INSTRUCTIONS FOR THE TASK> Exact copies of the lines below are the goal; any images in them are dropped.

[Opening GIVEN INFORMATION section]

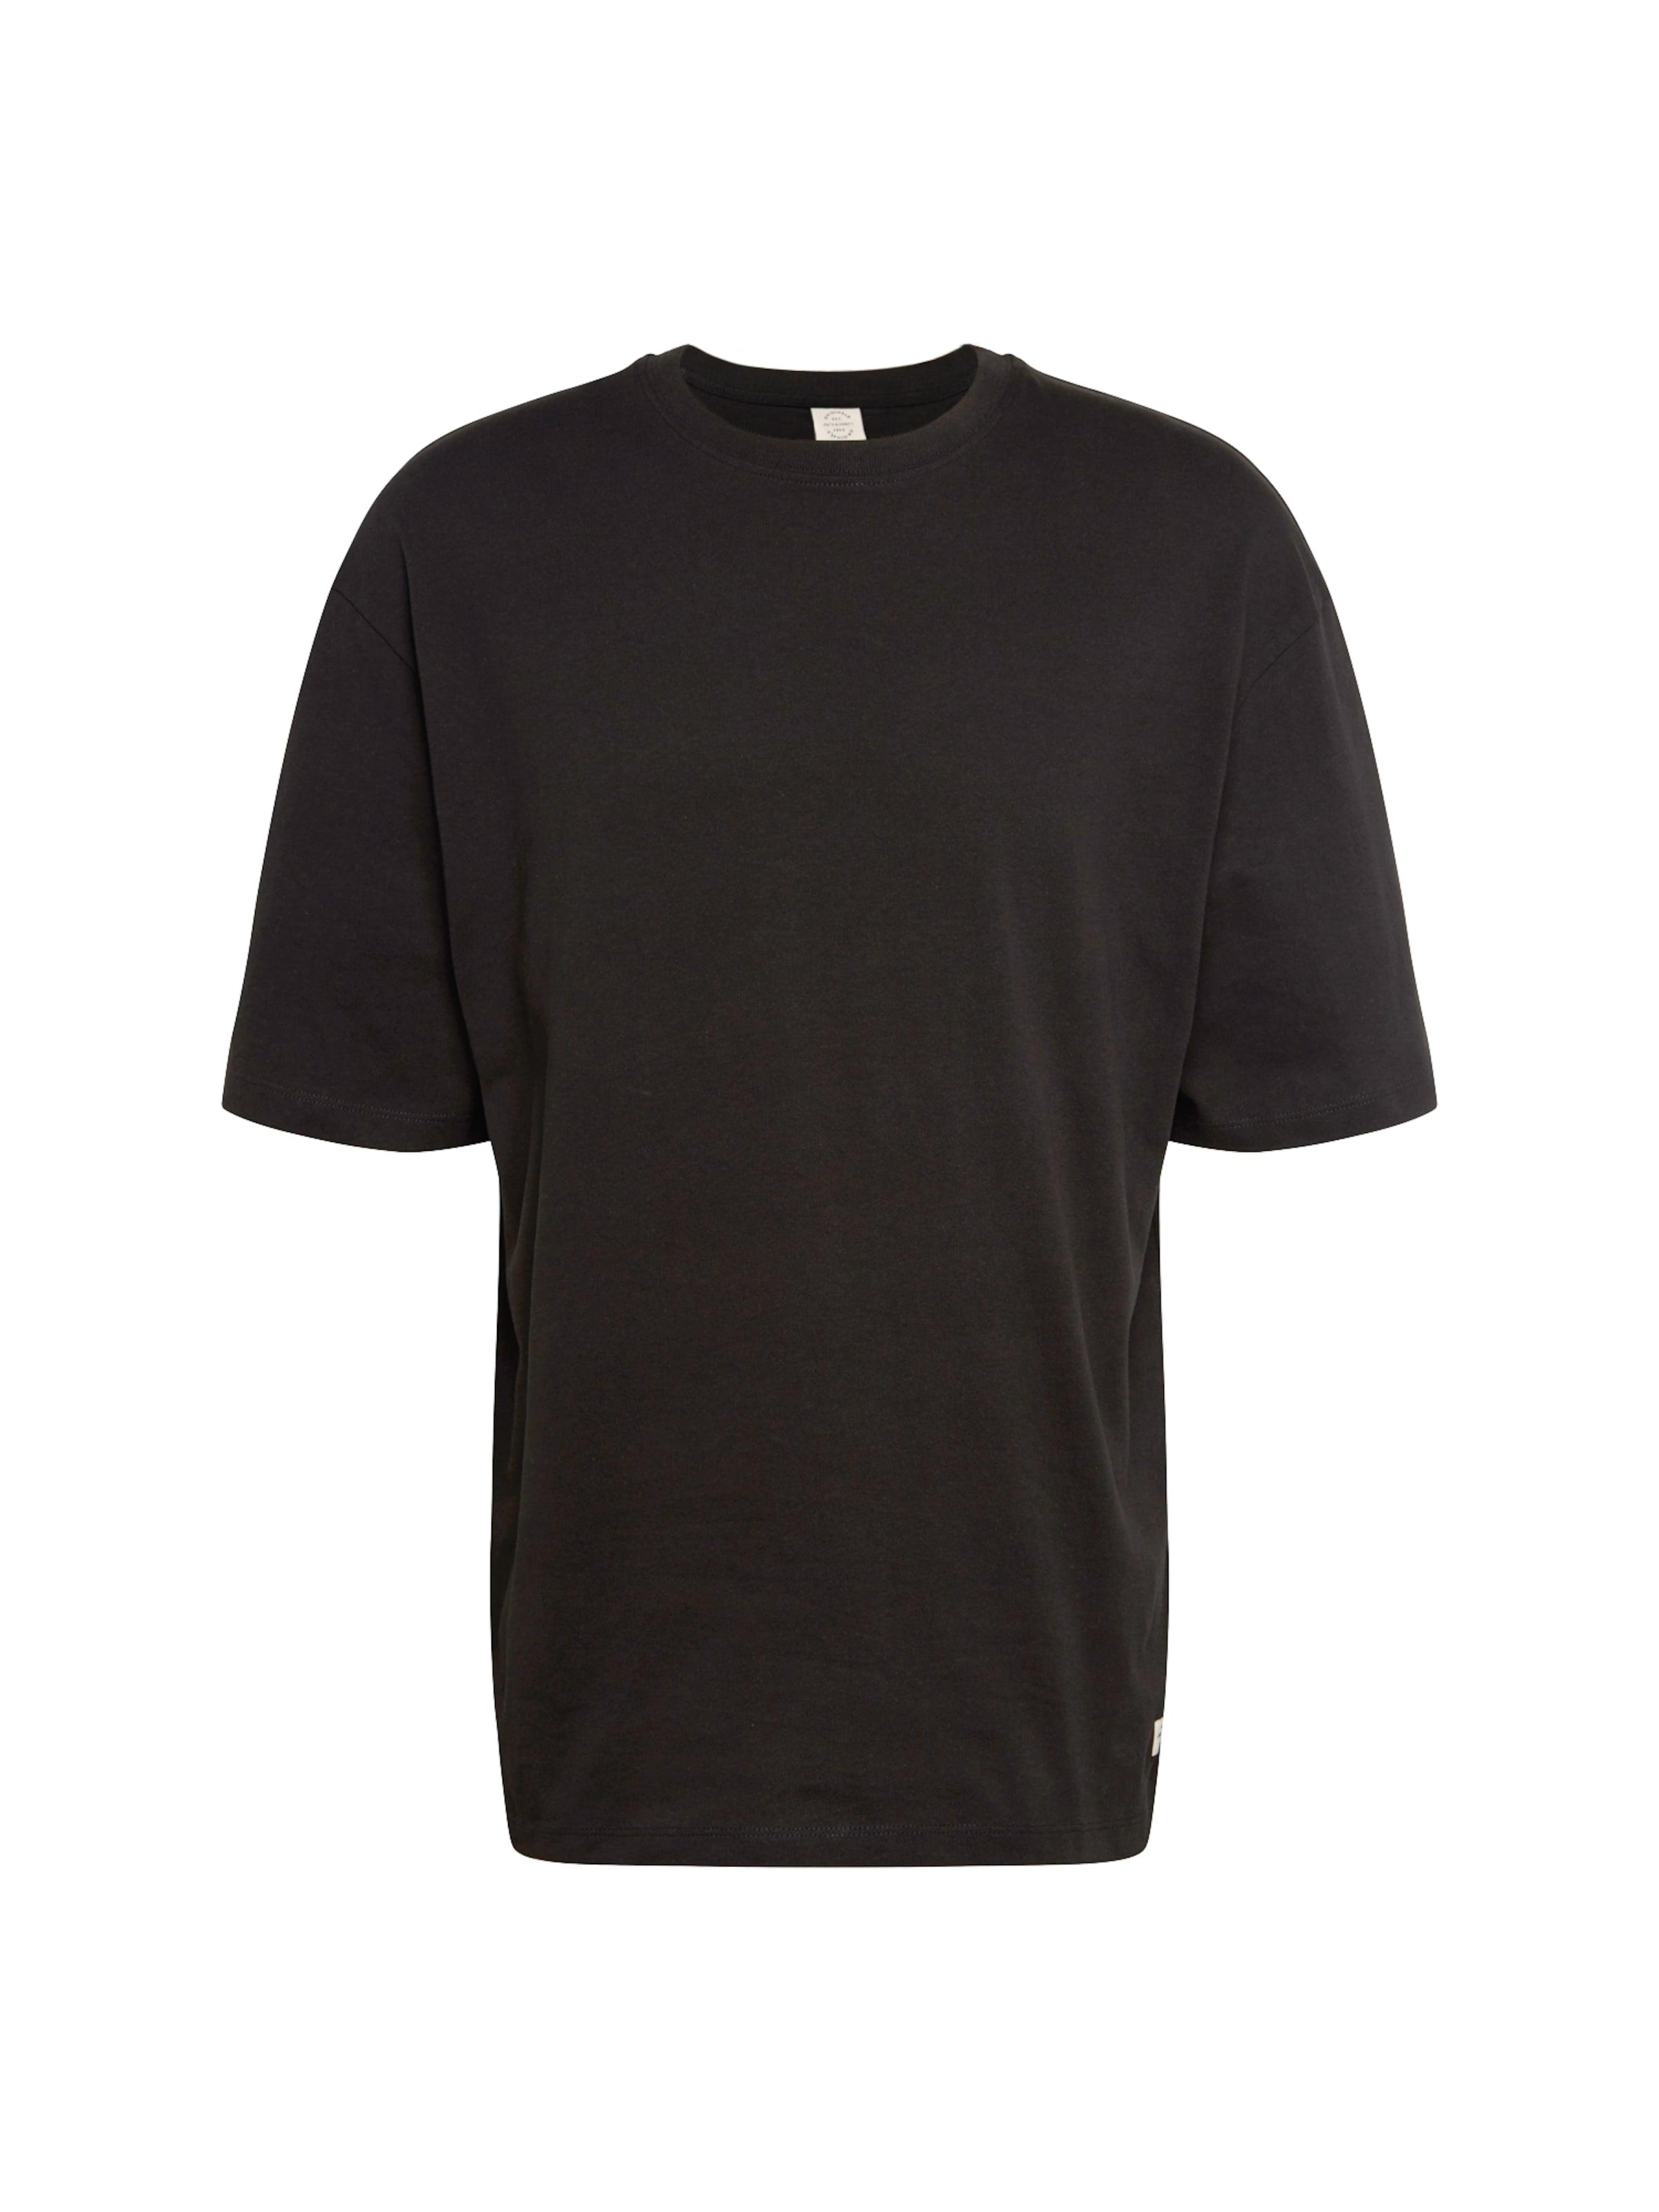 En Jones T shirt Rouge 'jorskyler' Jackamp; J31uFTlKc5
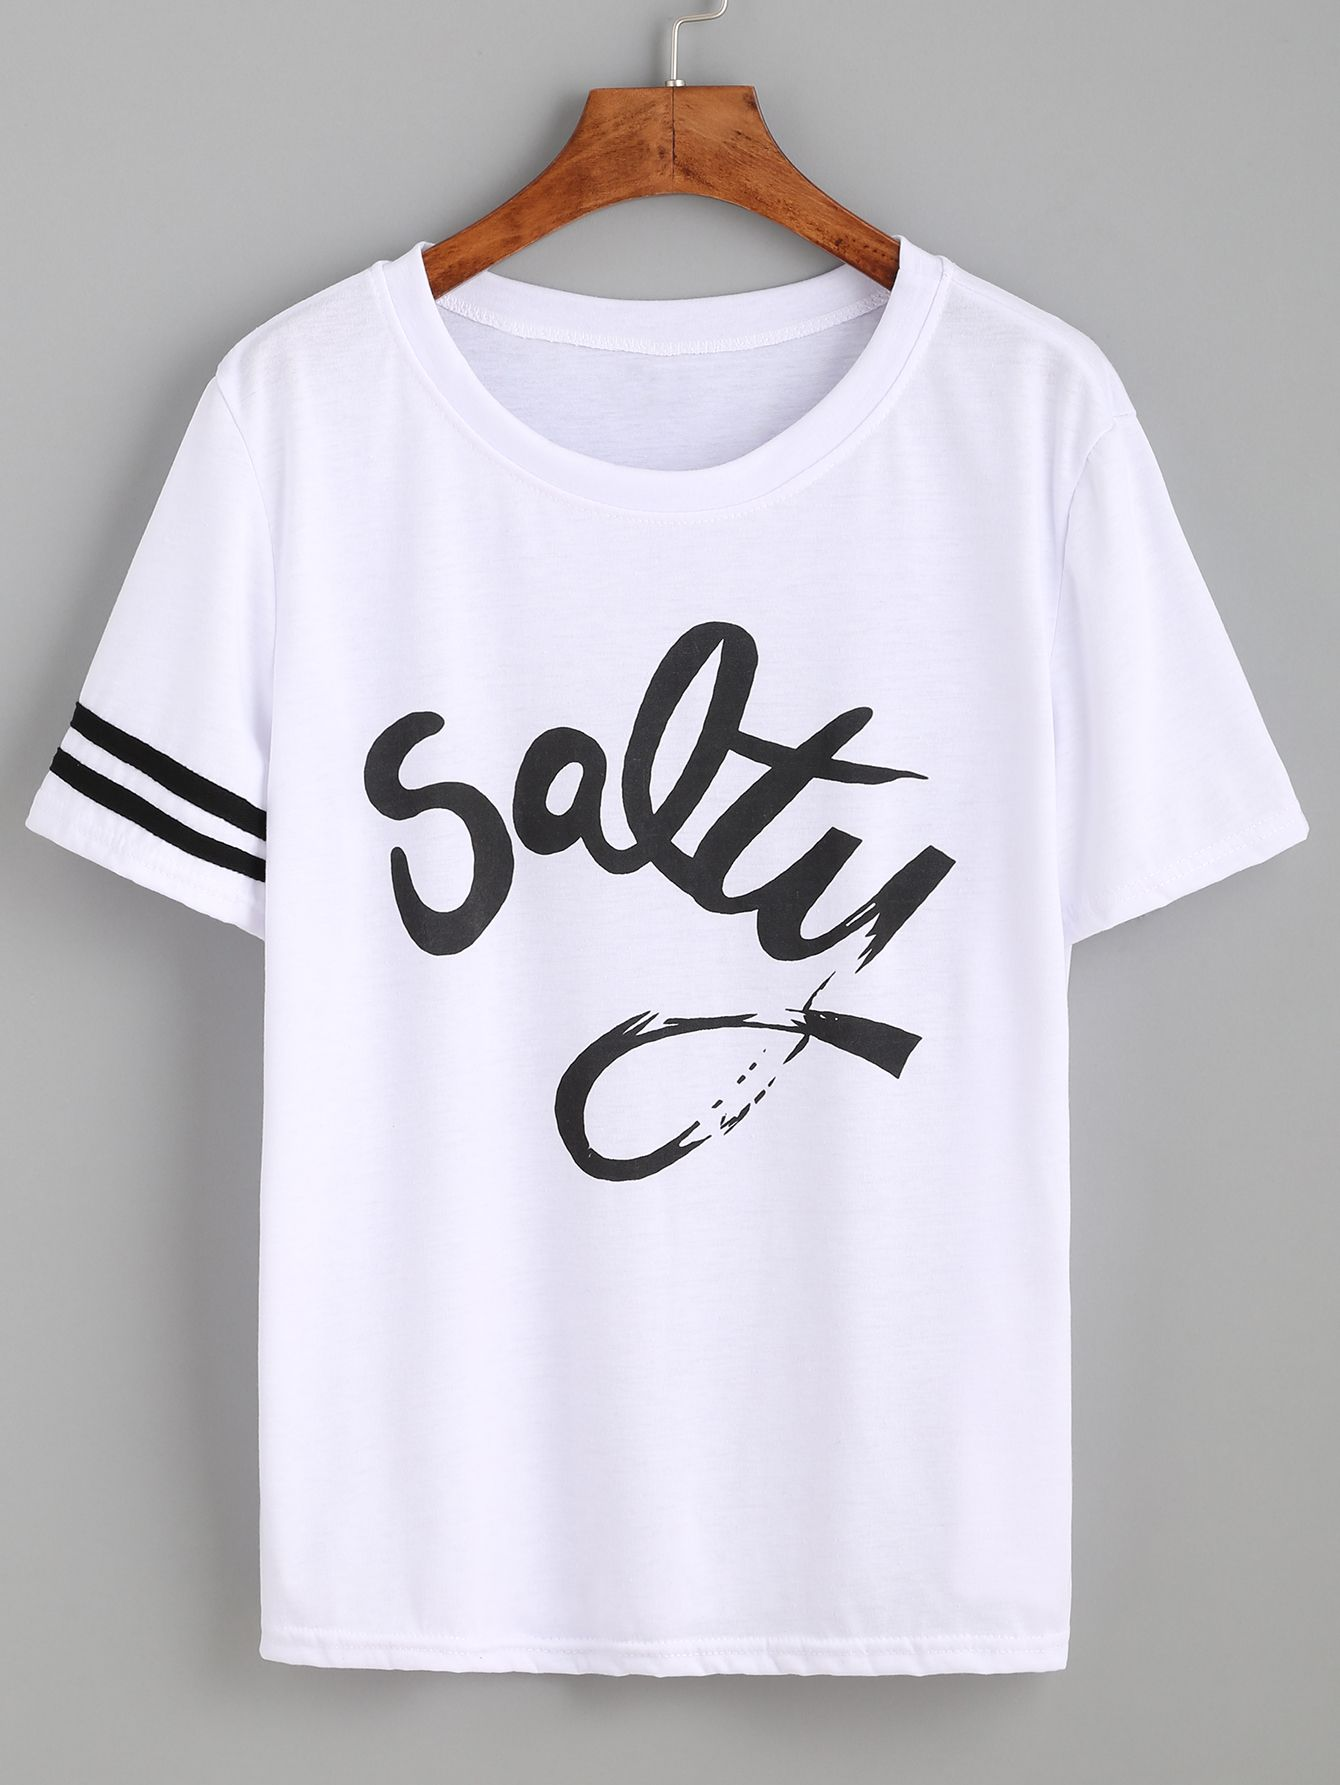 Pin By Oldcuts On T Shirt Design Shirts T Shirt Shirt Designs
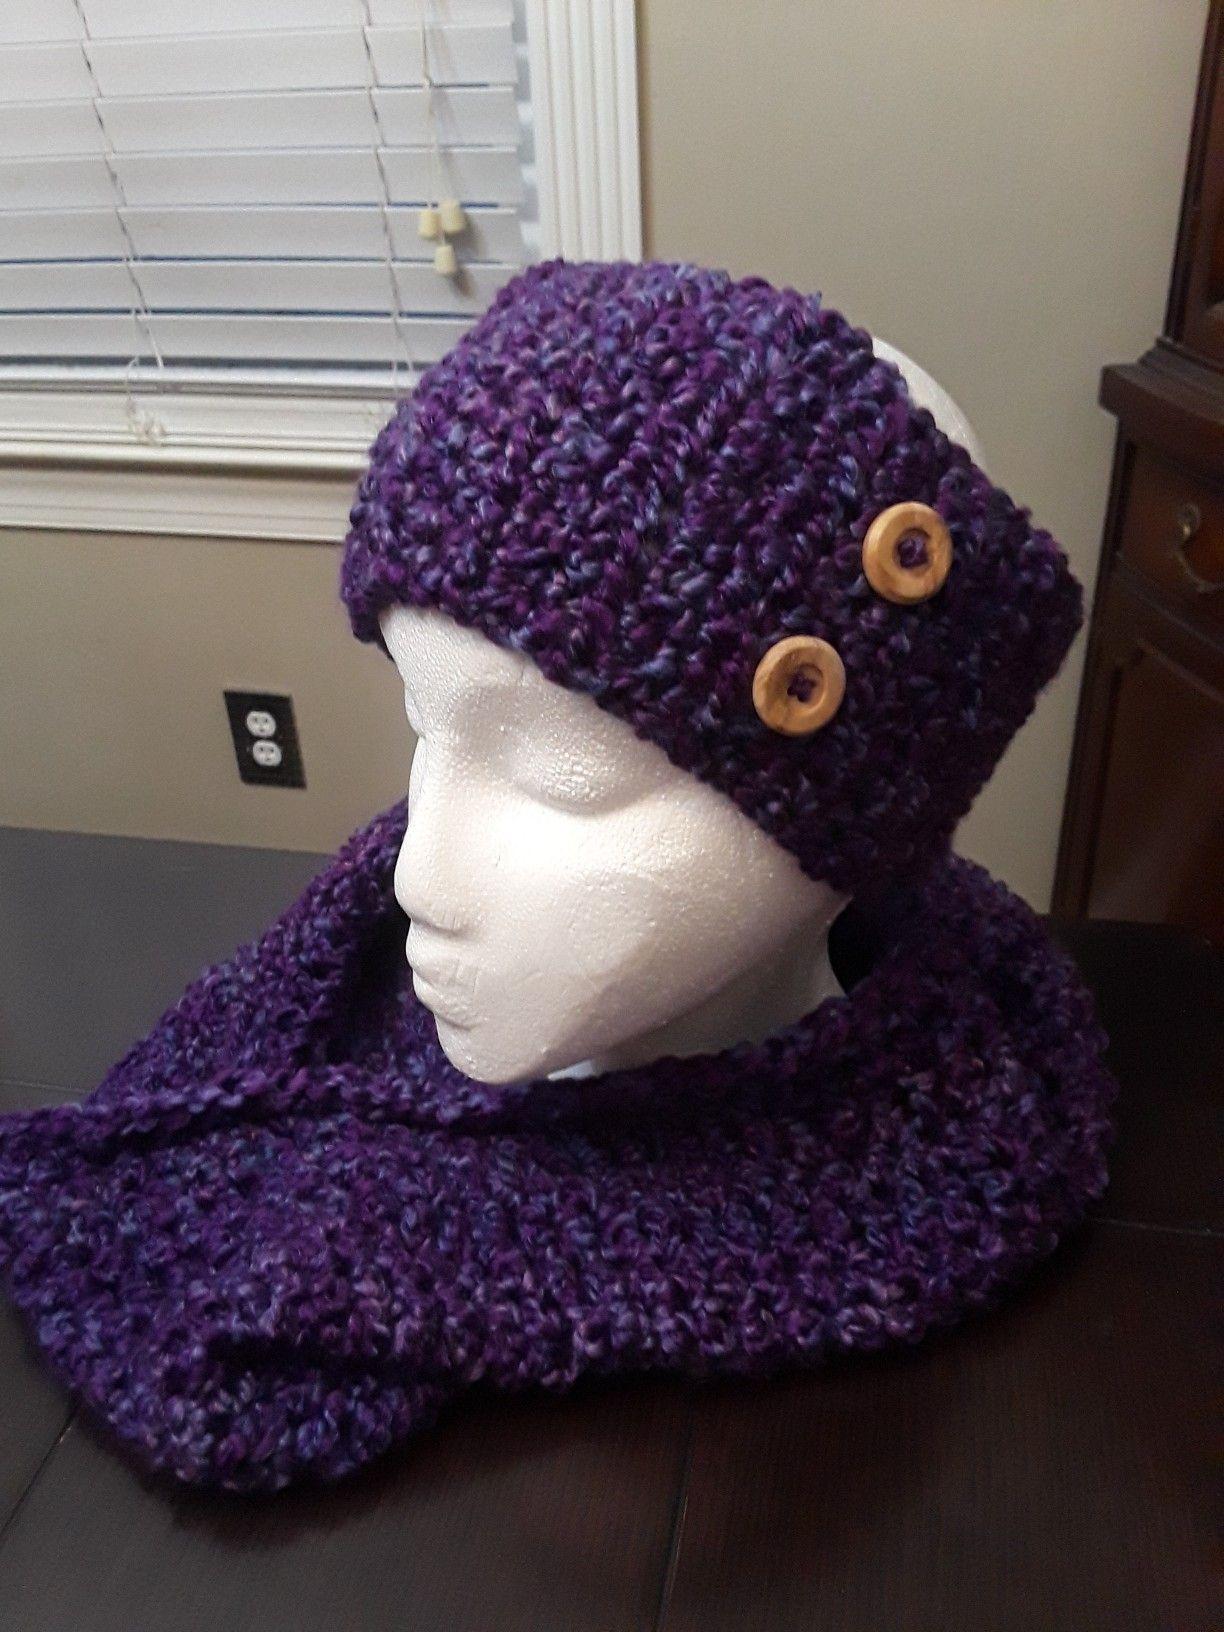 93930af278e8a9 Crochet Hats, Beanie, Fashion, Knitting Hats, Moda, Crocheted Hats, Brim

[Closing GIVEN INFORMATION section]

EXERCISE RESULT>
 En Jones T shirt Rouge 'jorskyler' Jackamp; J31uFTlKc5
 Pin By Oldcuts On T Shirt Design Shirts T Shirt Shirt Designs
 93930af278e8a9 Crochet Hats, Beanie, Fashion, Knitting Hats, Moda, Crocheted Hats, Brim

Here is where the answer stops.